Applications of Data Science and Machine Learning for Combating COVID-19
摘要
Global research efforts have increased dramatically as a result of the COVID-19 epidemic, with data science, machine learning, and deep learning techniques emerging as essential weapons in the fight against this crisis. In order to clarify the current research trends in the application of these cutting-edge technologies to battle COVID-19, we conduct an extensive scientometric analysis in this research paper that spans from January 2020 to April 2020. Our analysis not only identifies the main lines of inquiry, but also explores their broad ramifications and provides perceptive glimmers into the changing COVID-19 research scene.
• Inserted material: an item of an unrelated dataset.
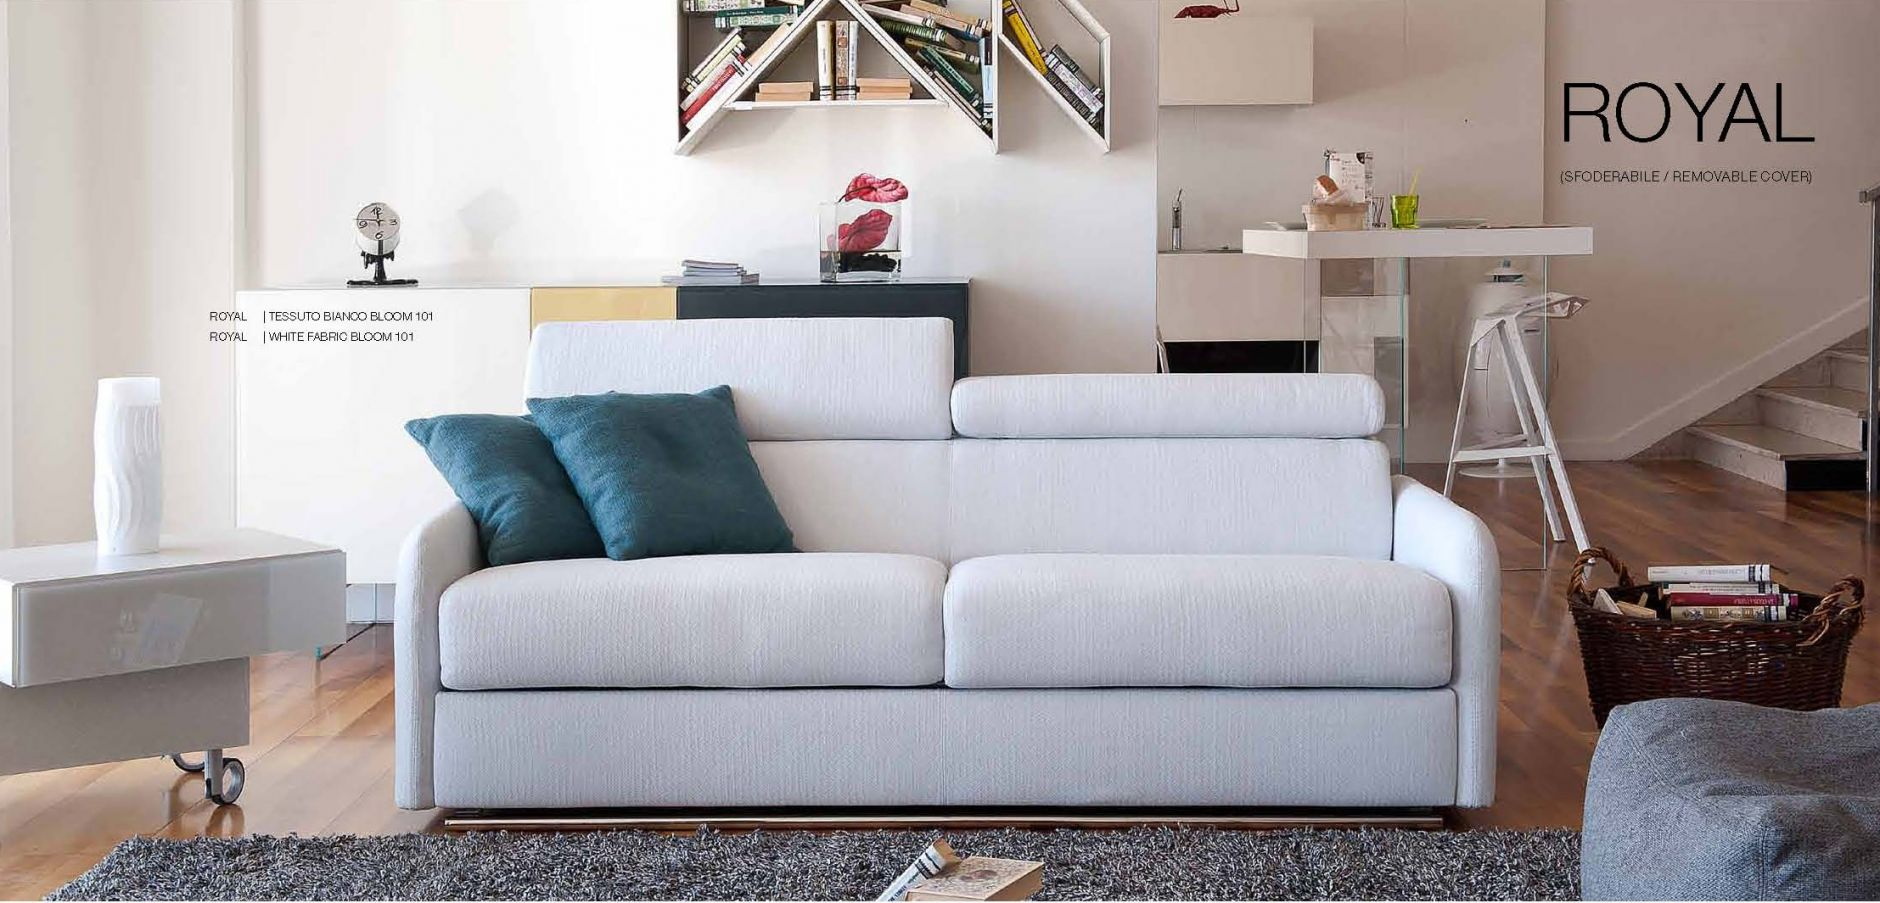 canap s italiens alpa salotti canap s rie royalles. Black Bedroom Furniture Sets. Home Design Ideas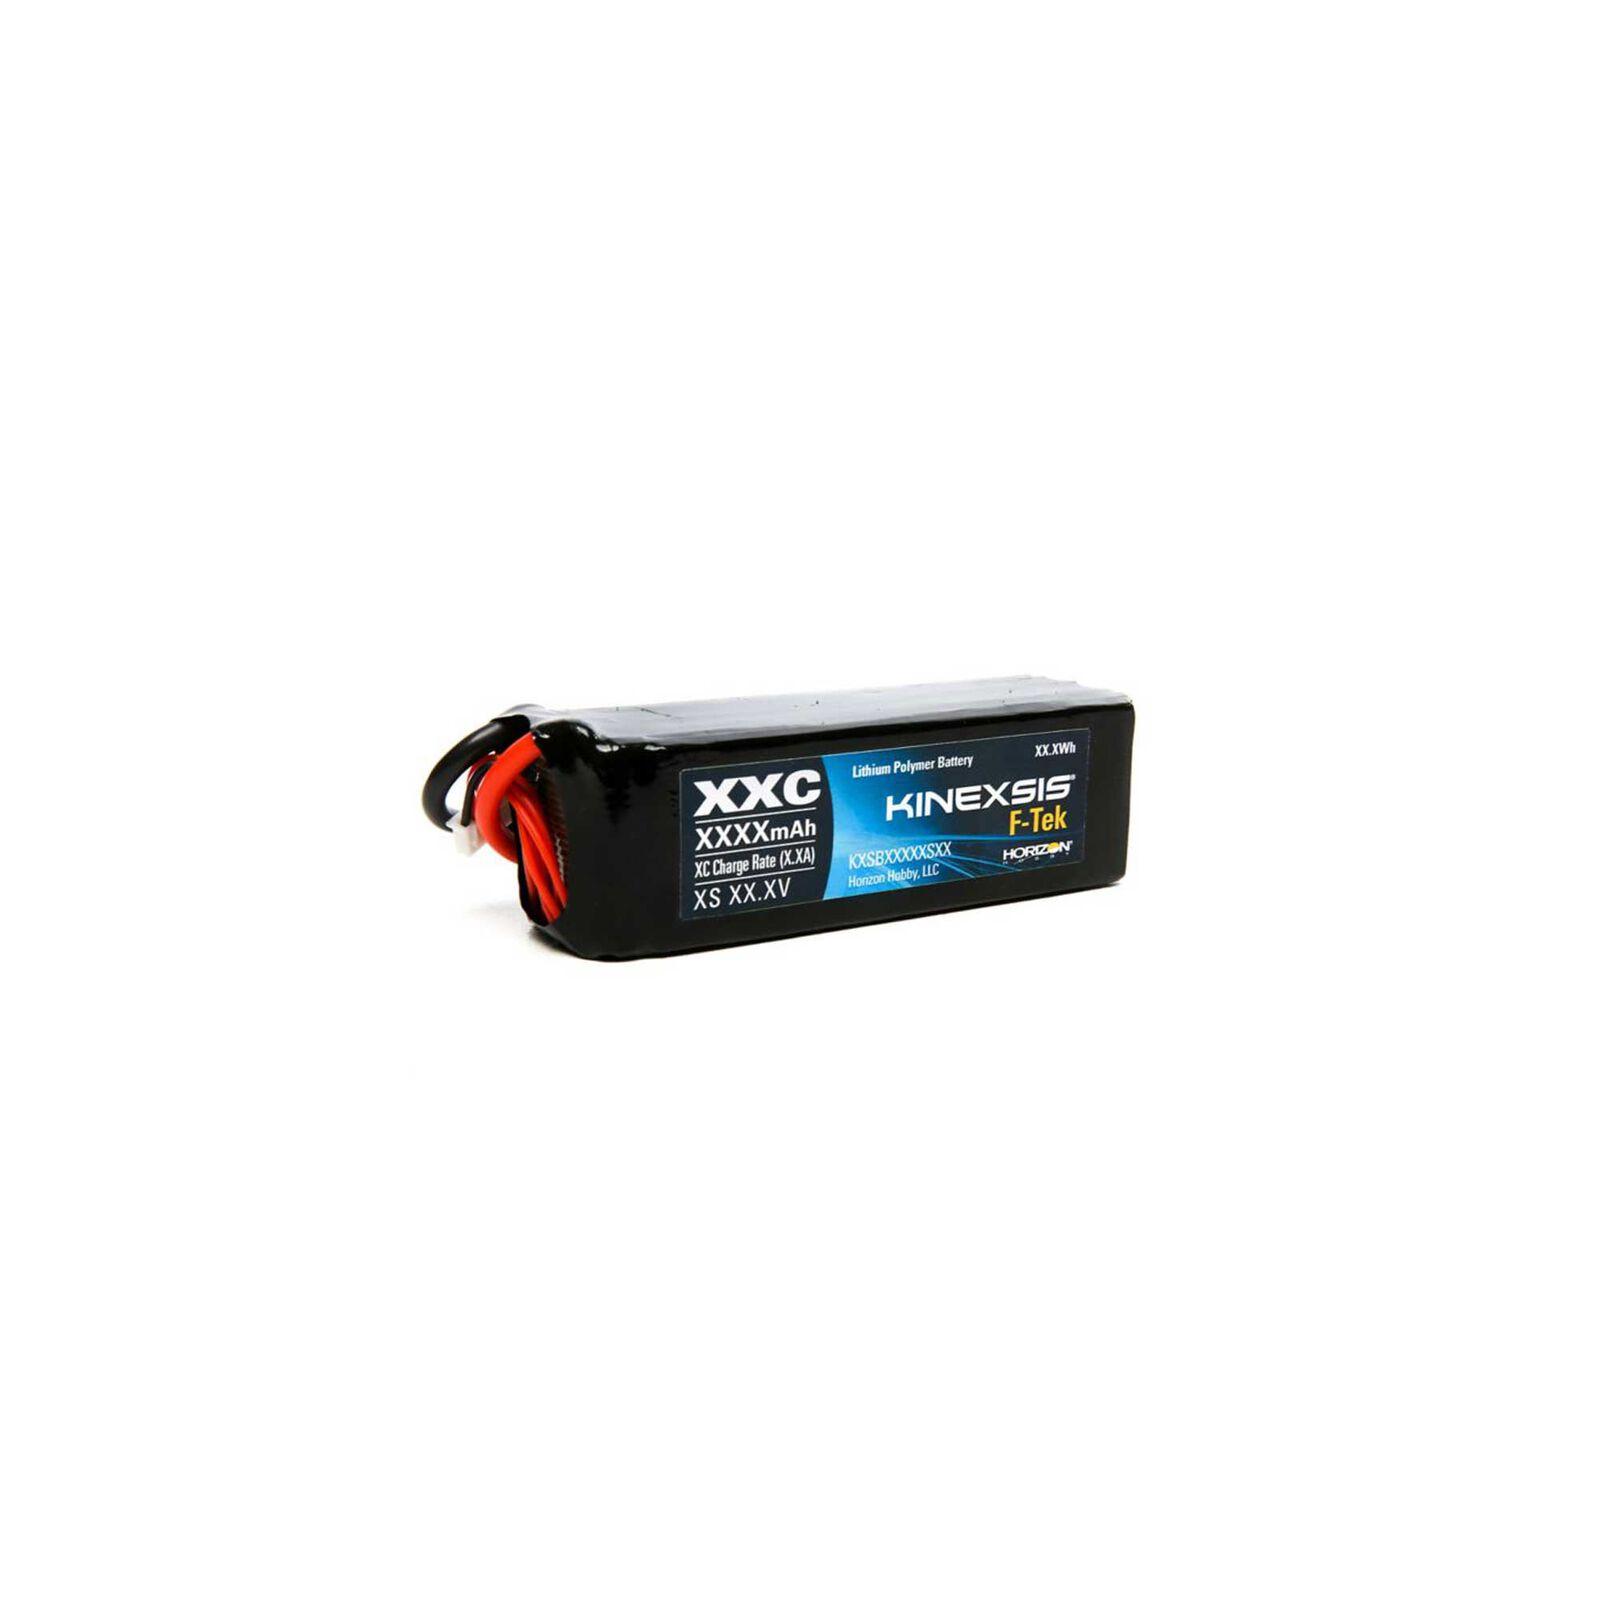 11.1V 5000mAh 3S 30C F-Tek Hardcase LiPo Battery: EC3

We identify the emerging topics, approaches, and applications that have proven essential in combating the pandemic by carefully examining a variety of scholarly articles. This report highlights the varied contributions of data science and machine learning to this global health problem, ranging from early detection models to vaccine development approaches. Additionally, our work goes beyond the current environment to set the way for additional research projects. We put up fresh ideas that make use of the strength of data-driven strategies to address the COVID-19’s enduring problems. This research paper offers a roadmap for researchers, policymakers, and practitioners to use data science and machine learning in their ongoing efforts to combat COVID-19 and get ready for Upcoming pandemics by combining scientific rigor and computational innovation.